◆ **Source records**
================

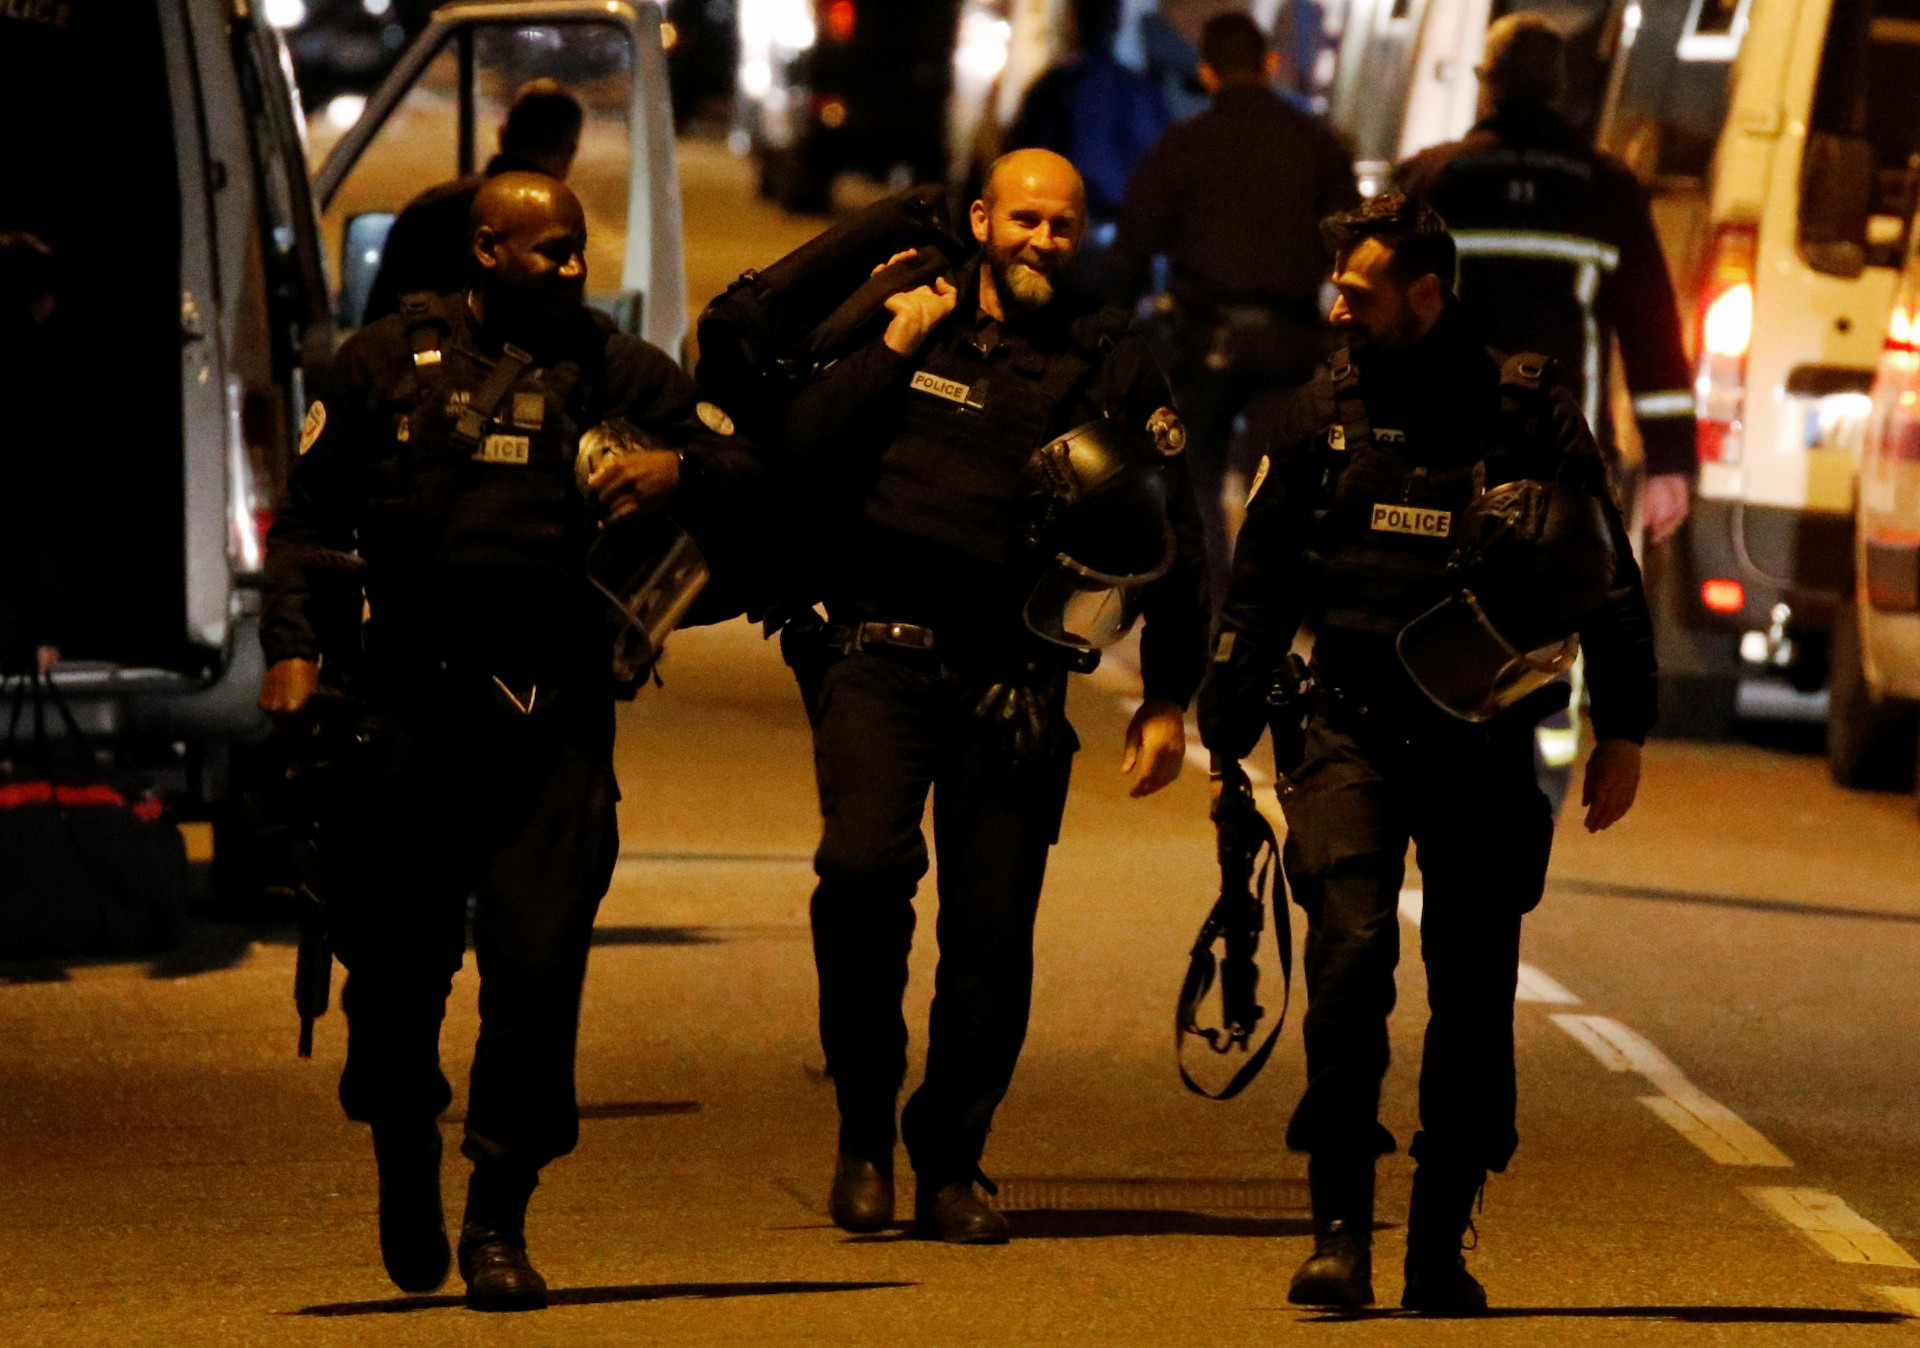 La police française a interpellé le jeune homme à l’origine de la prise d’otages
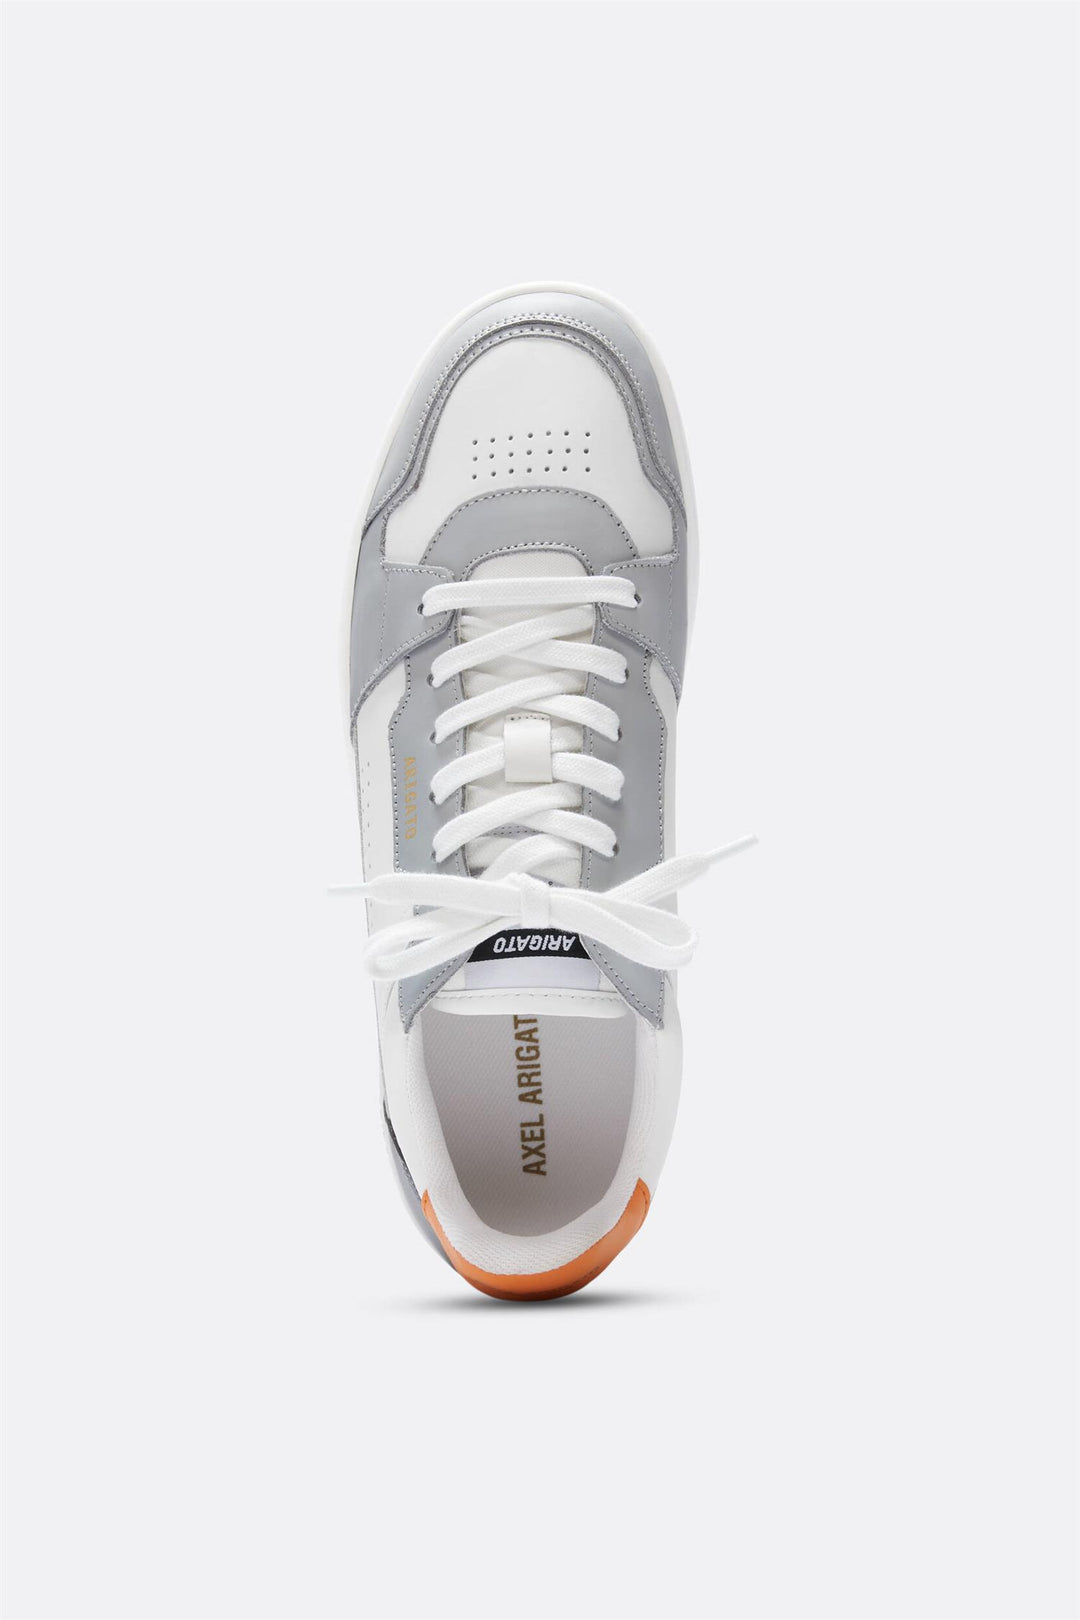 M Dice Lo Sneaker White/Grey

================

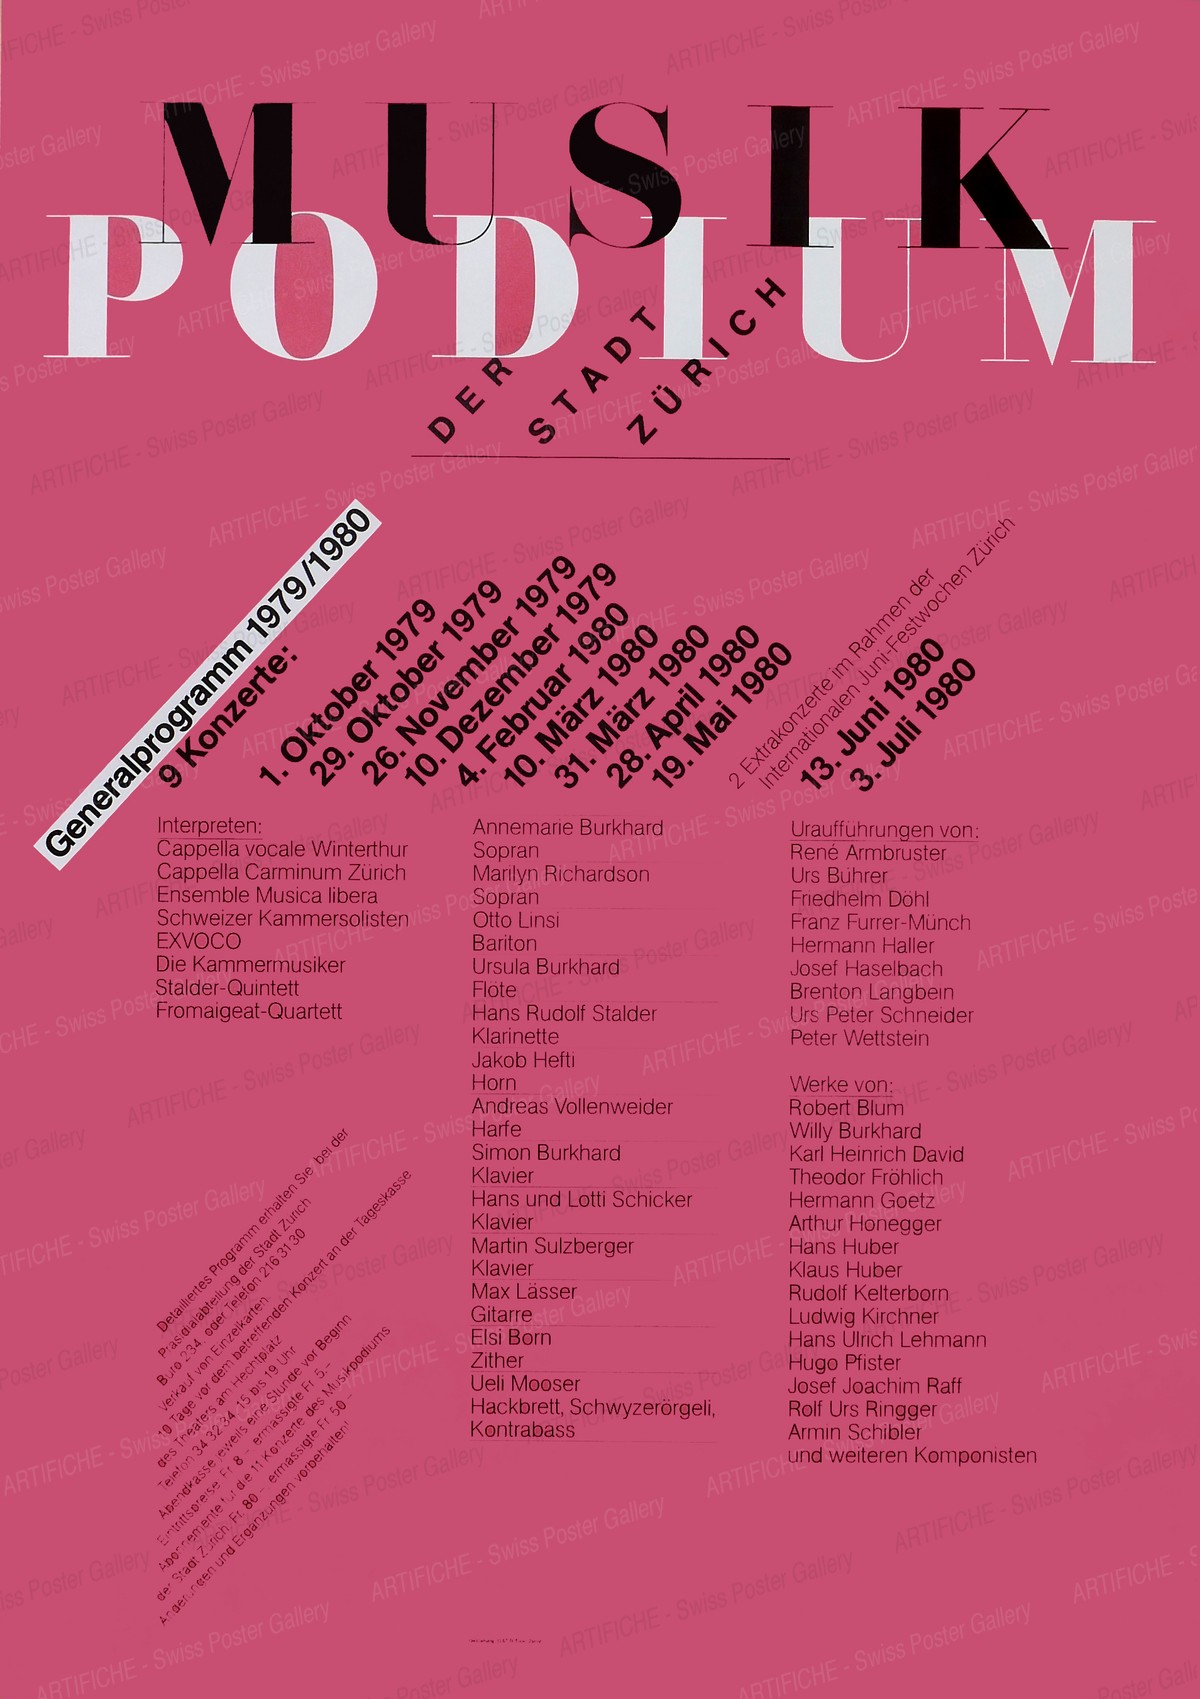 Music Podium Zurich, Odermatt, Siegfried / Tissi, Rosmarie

================

◆ **Your task**
I'd like the lines above repeated exactly, from the one that contains "La police française" through the one that contains "M Dice Lo Sneaker White/Grey", with no pictures.

◆ **Solution to this exercise**
 La police française a interpellé le jeune homme à l’origine de la prise d’otages
 M Dice Lo Sneaker White/Grey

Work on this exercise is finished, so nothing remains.